I guess I'm not applying the right linear model here, since it doesn't seem to recognise there are both within and between subject factors in the design.
I have read hundreds of webpages, tutorials and forums and I'm still completely confused about these models. Thank you in advance for any piece of advice!
Repeated-measures or mixed-model designs can be very confusing to specify using R's base aov function. In the code you have written, for example, aov will treat all the specified factors as independent (i.e., between-subject). I highly recommend using a library that makes it easier to specify these types of designs.
The ez library contains ezANOVA, which makes these tests simple to perform, provided that all your cases are complete (all factors are fully crossed, with no missing data). Assuming that your CODE column uniquely identifies each subject and you wanted to include all factors from your data set, the test would look something like this:
my.aov <- ezANOVA(data = df, dv = ERP, wid = CODE, between = .(SEX, AGE, SCORE), within = COND).

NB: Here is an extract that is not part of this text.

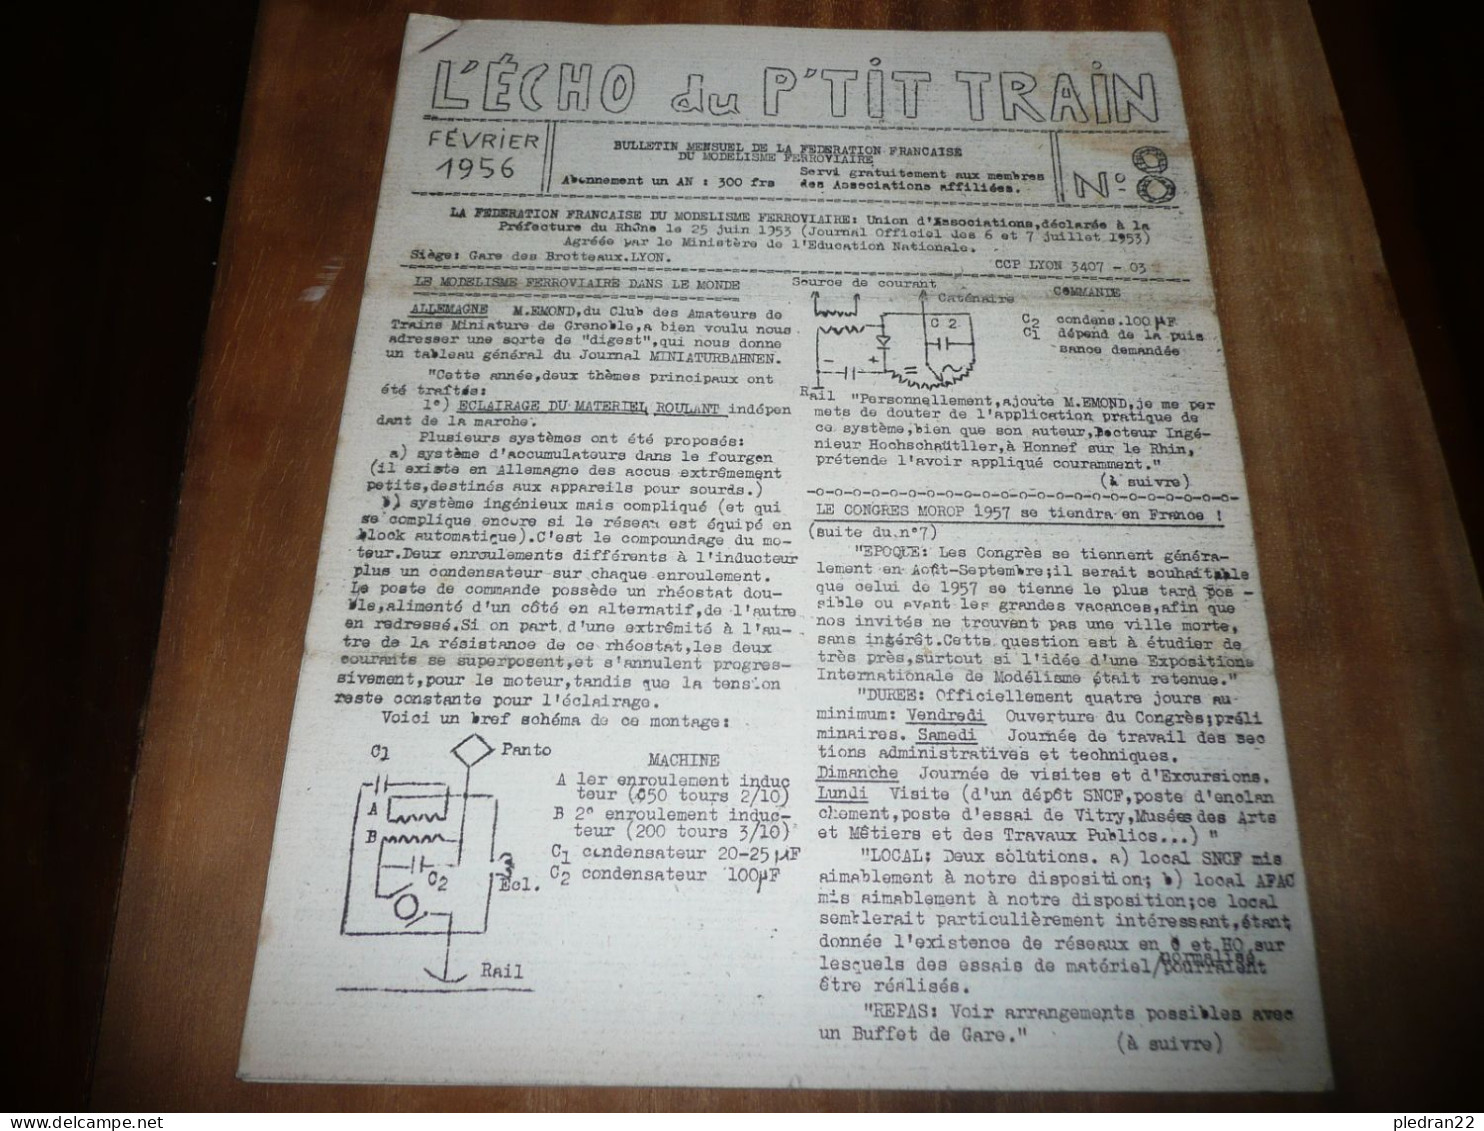 CHEMINS DE FER REVUE L'ECHO DU P'TIT TRAIN N° 8 FEVRIER 1956 MODELISME FERROVIAIRE GARE DES BROTTEAUX LYON - Chemin De Fer & Tramway

It is also possible to implement these designs with the lme4 package (in fact, ezANOVA is a wrapper around lme4's functions). While lme4 allows for more flexible model specifications and can tolerate incomplete data, its syntax is more difficult. Bodo Winter's tutorial on lme4 is a good start, if you want to go really deep.
As an aside, there is usually little point in performing both an ANOVA and a linear regression. Unless the two tests are specified in a way that treats the factors differently, the results will be equivalent.